# RAPIDS cuDF bug. June 7, 2022
This notebook shows a bug in the RAPIDS cuDF transform function. We use the 3GB dataset from here  
https://www.kaggle.com/datasets/raddar/amex-data-integer-dtypes-parquet-format?select=test.parquet

In [13]:
import matplotlib.pyplot as plt

import cudf
cudf.__version__

'22.04.00'

# Index without Consecutive Numbers
By sorting we cause the index to have non-consectutive numbers.
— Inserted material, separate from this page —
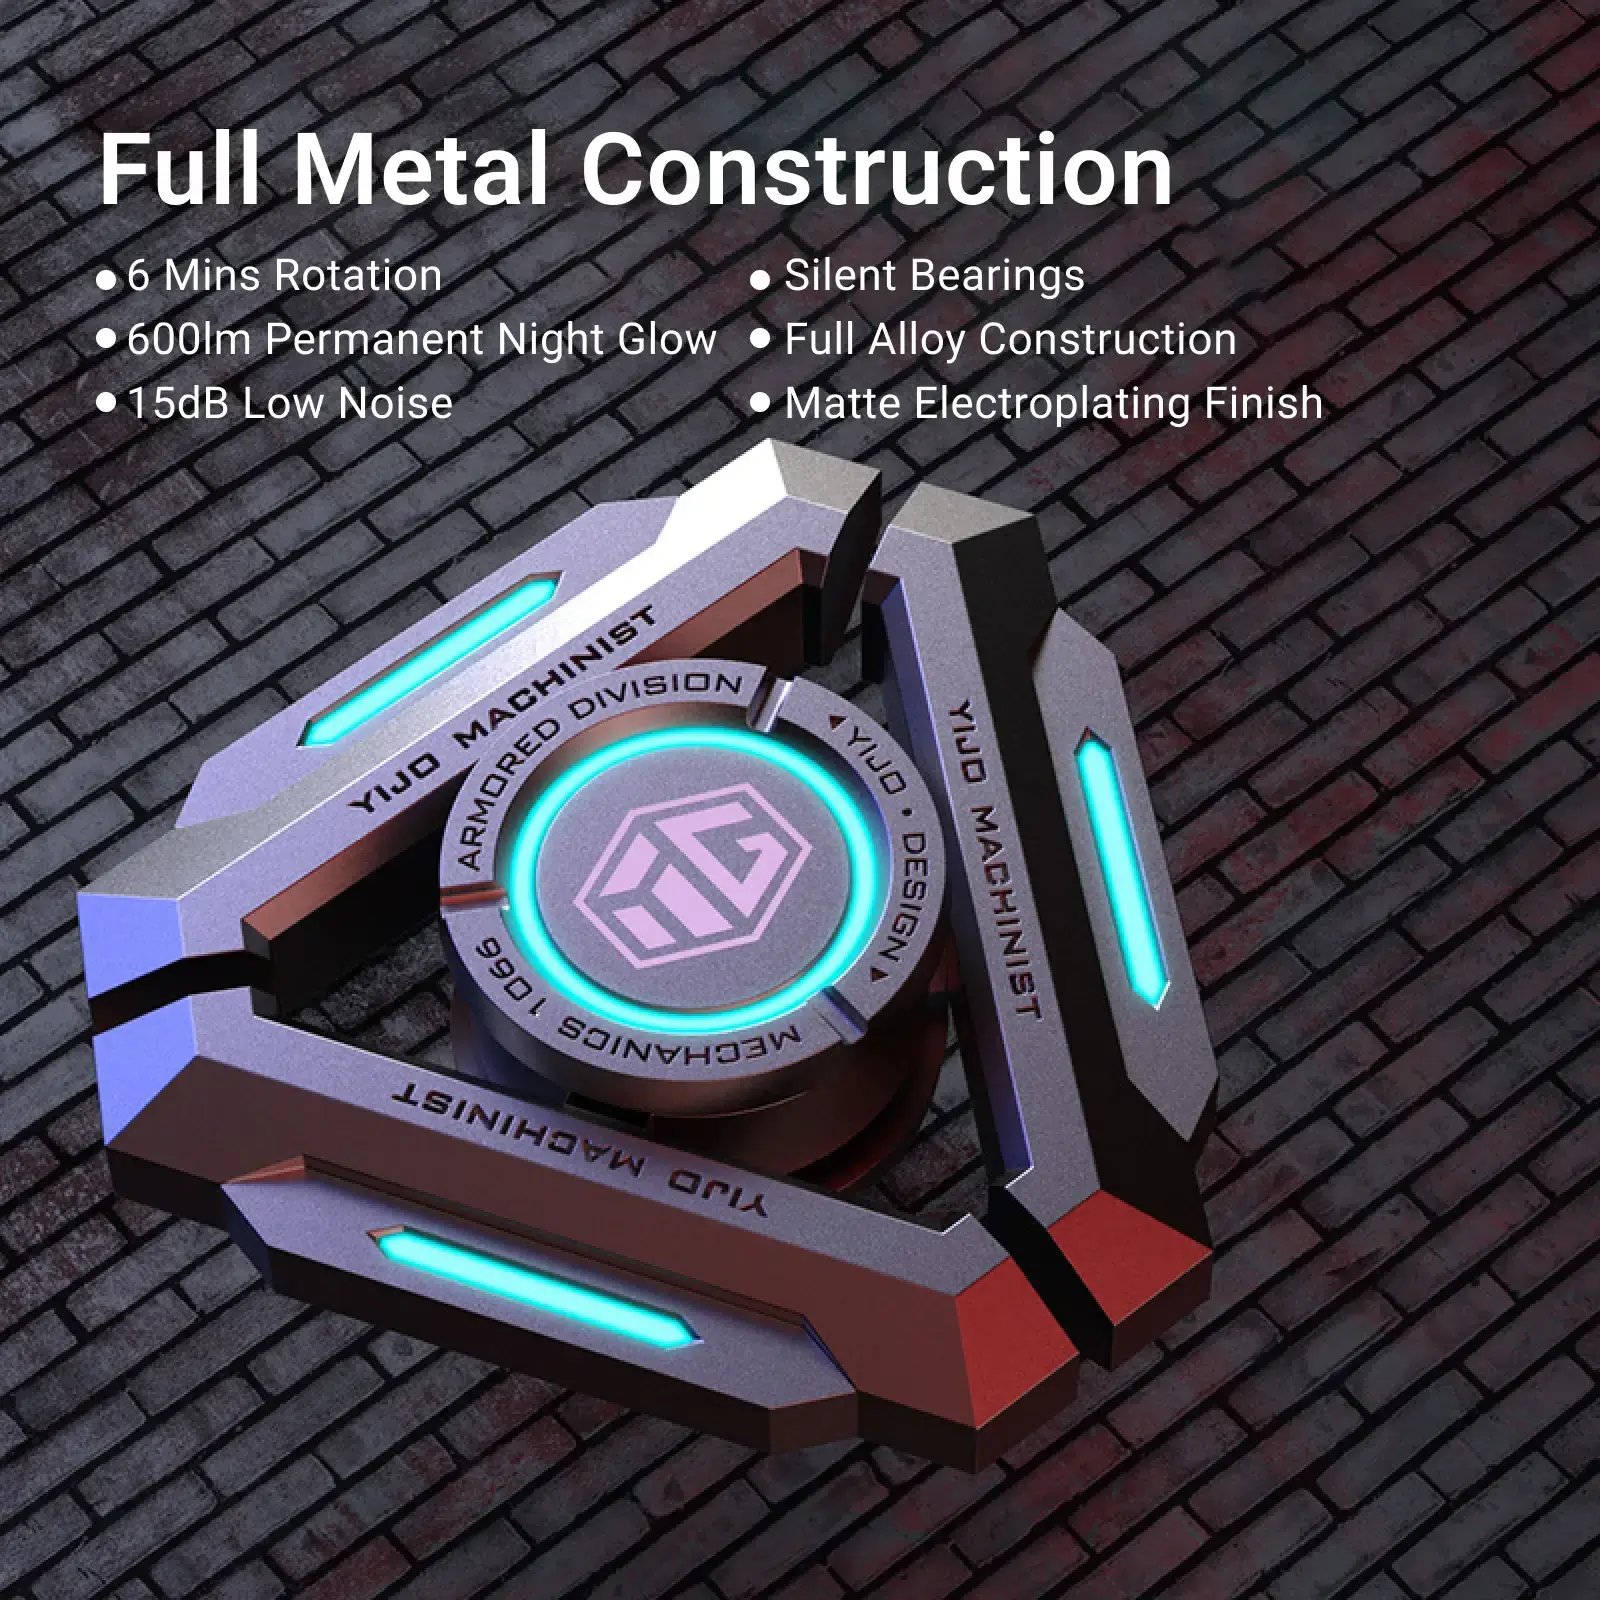 xCool ForFun Metal Sensory Fidget Toy Set

This causes RAPIDS cuDF transform to return incorrect results

In [34]:
PATH = '../../May-2022/may-32-22-AMEX/'
df = cudf.read_parquet(PATH+'test.parquet')
df['customer_ID'] = df['customer_ID'].str[-16:].str.hex_to_int().astype('int64')
df = df.sort_values('customer_ID')

In [35]:
df['P_2_max'] = df.groupby('customer_ID').P_2.transform('max')
tmp = df.groupby('customer_ID').P_2_max.agg('std')
tmp.max()

0.6389674118471806

In [41]:
i = tmp.loc[tmp>0.5].index[0]
df.loc[df.customer_ID==i,['customer_ID','P_2_max']]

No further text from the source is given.